AMELIA ISLAND, FLA. — With a paradigm shift in consumer eating habits, salty snacks are poised for revolutionary growth, said Robert Sarlls, president and chief executive officer, Wyandot Inc., Marion, Ohio and second vice-chairman, SNAC International.

“A dramatic increase in the frequency of snacking, combined with a sea change in how people consume food, are redefining our market opportunity,” Mr. Sarlls said.

Speaking at SNAC International’s Executive Leadership Forum (ELF), held Sept. 27-29, he outlined a bullish perspective for the state of the $24 billion salty snack food industry.

“We expect it to grow by at least $5 billion over the next five years,” he said. “This is an extraordinary opportunity for all of us. We just have to pick our spots and be smart.”

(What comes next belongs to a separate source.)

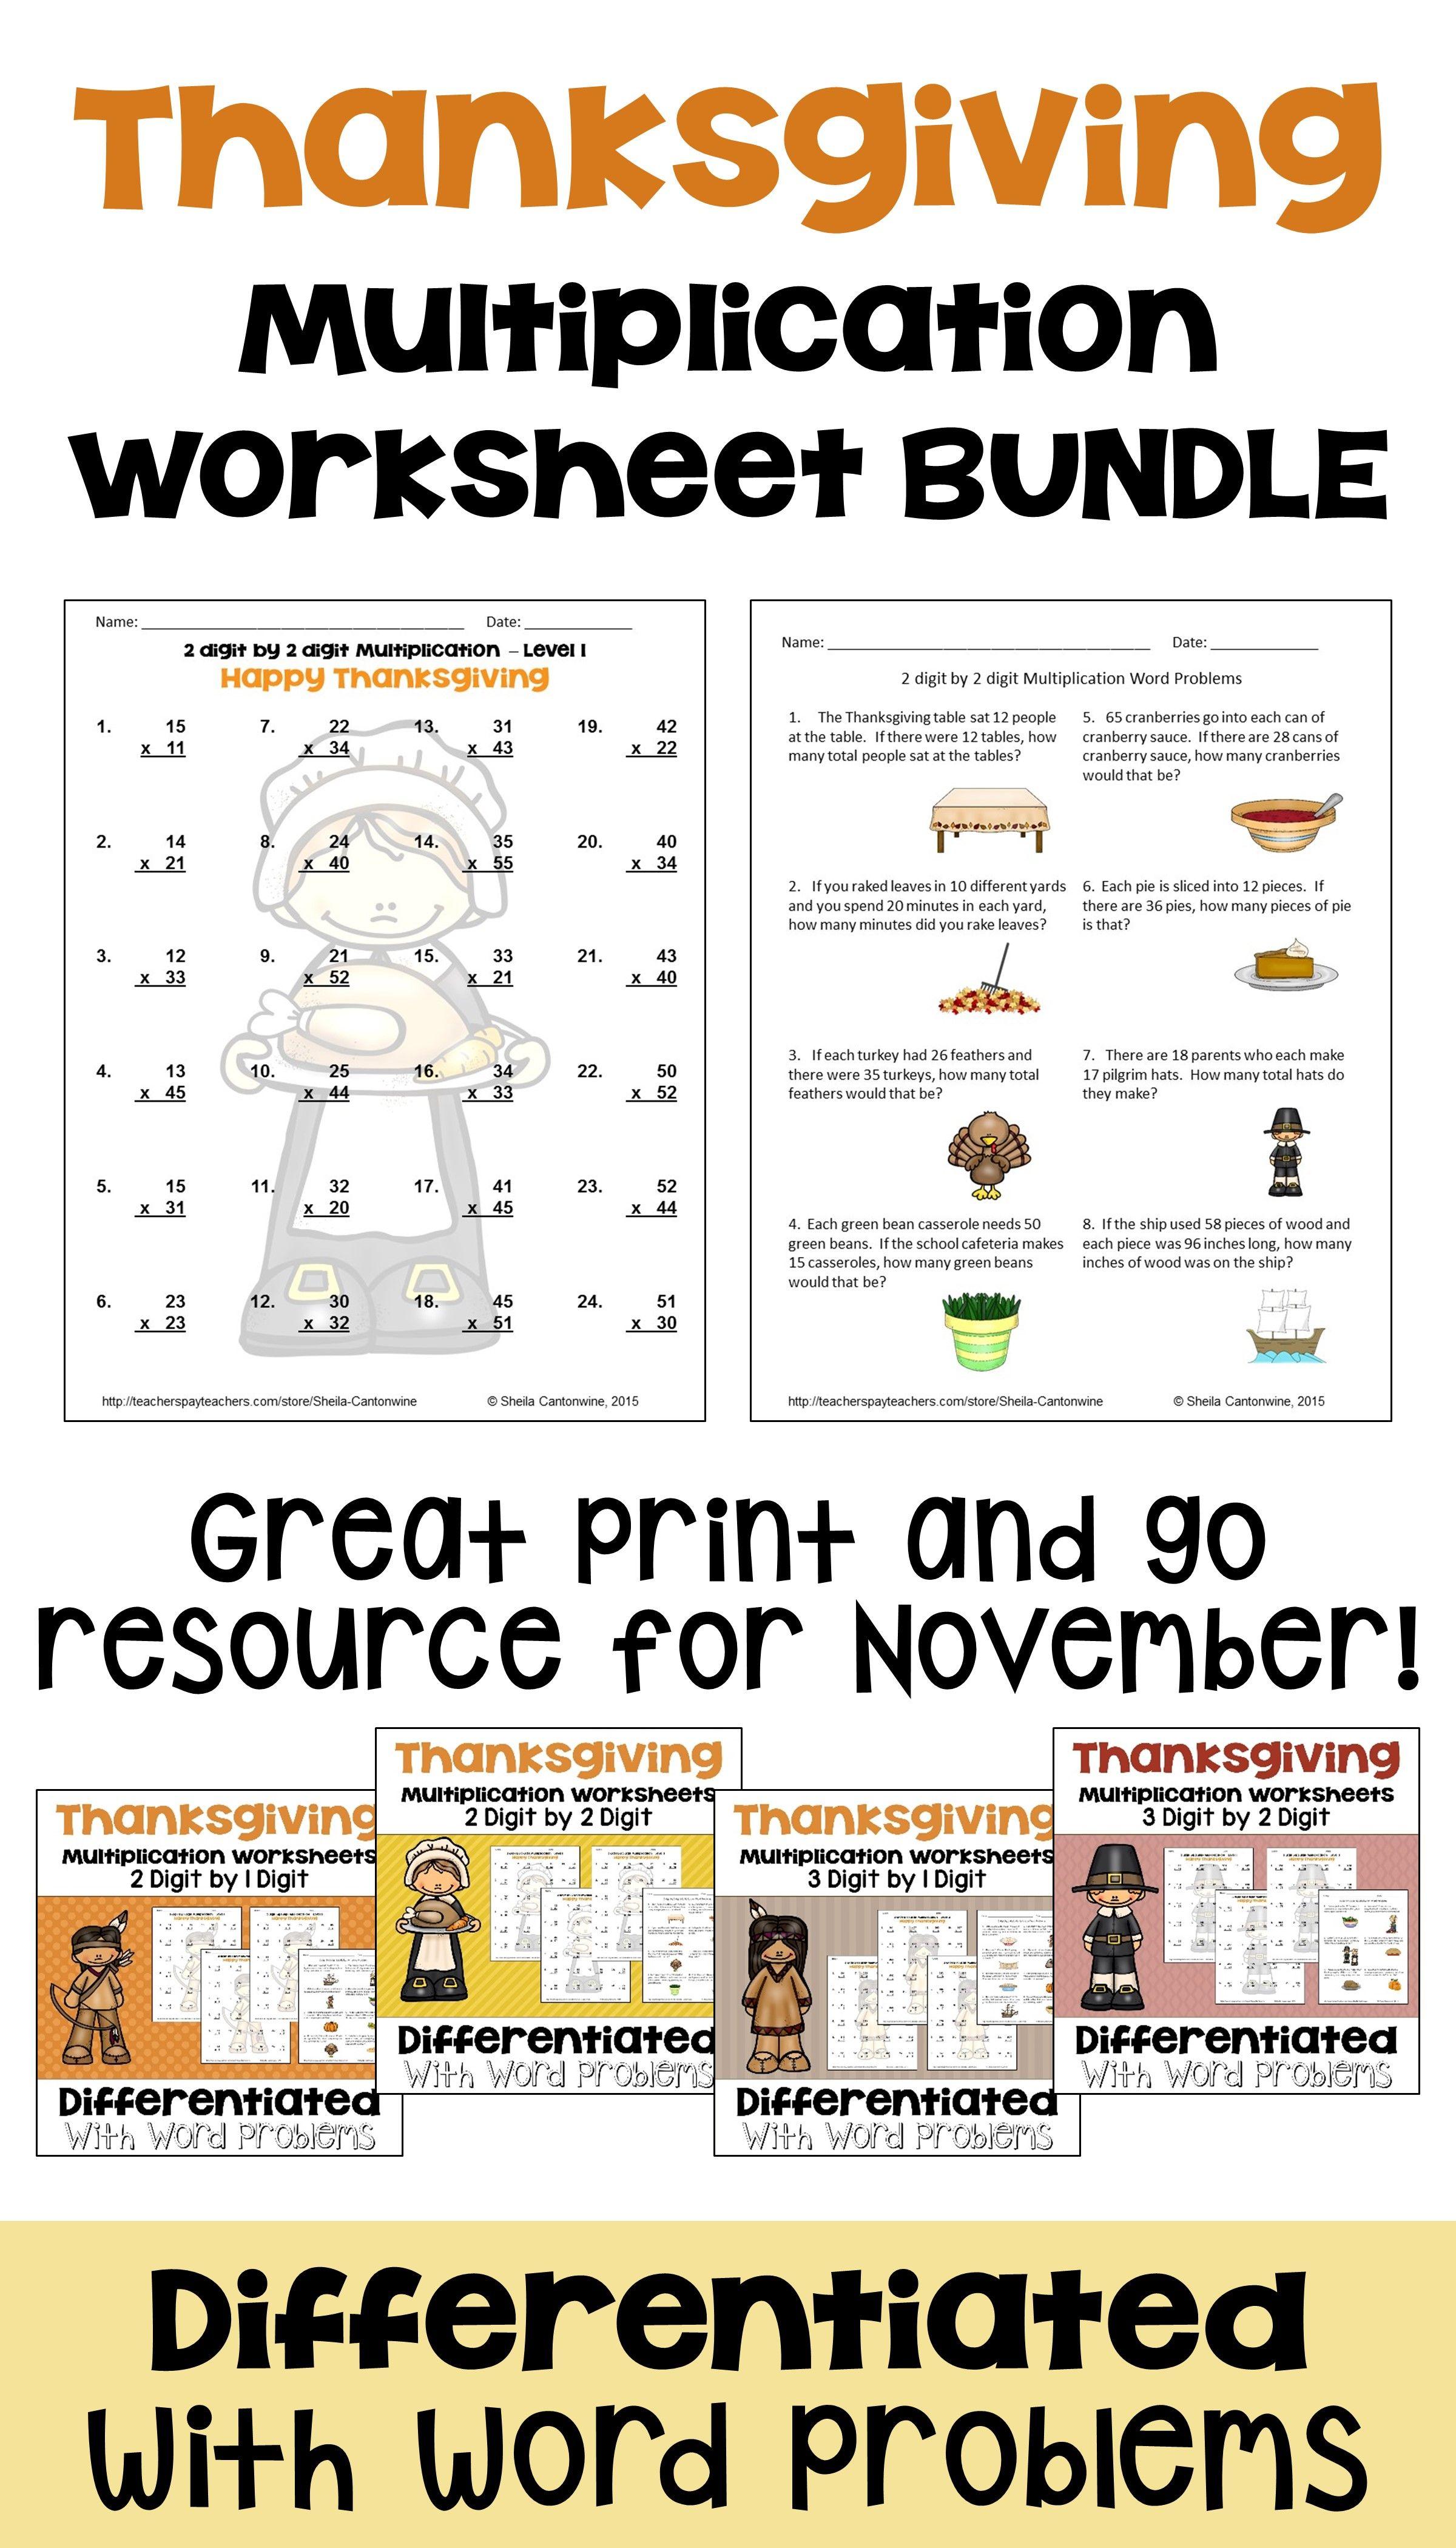 medium resolution of Thanksgiving Multiplication Worksheet Bundle with Word Problems   Thanksgiving  math

Robert Sarlls, president and chief executive officer, Wyandot Inc. and second vice-chairman, SNAC International
Mr. Sarlls noted that more than 90% of consumers snack regularly — and at all times of the day. Additionally, the latest consumer research shows that 7% of all Americans essentially eat no regular meals.

“The sit-down meal is going away in the millennial household,” he said. “That’s a phenomenal metric for our industry.”

Alternative snacks, such as protein bars and bean chips, are growing “uber fast,” he added. Bean snacks are expected to grow by 25% through 2020 while chickpea-based items will increase by 35%, according to data from Information Resources, Inc., a Chicago-based market research firm.

 Not surprisingly, 88% of consumers are willing to pay more for foods they perceive as healthy.

“How you play within this space is up to you,” Mr. Sarlls noted. “The key is to develop quality products, a unique brand position, and consistent management. Most important, follow as well as anticipate the changes taking place with the snacking consumer.”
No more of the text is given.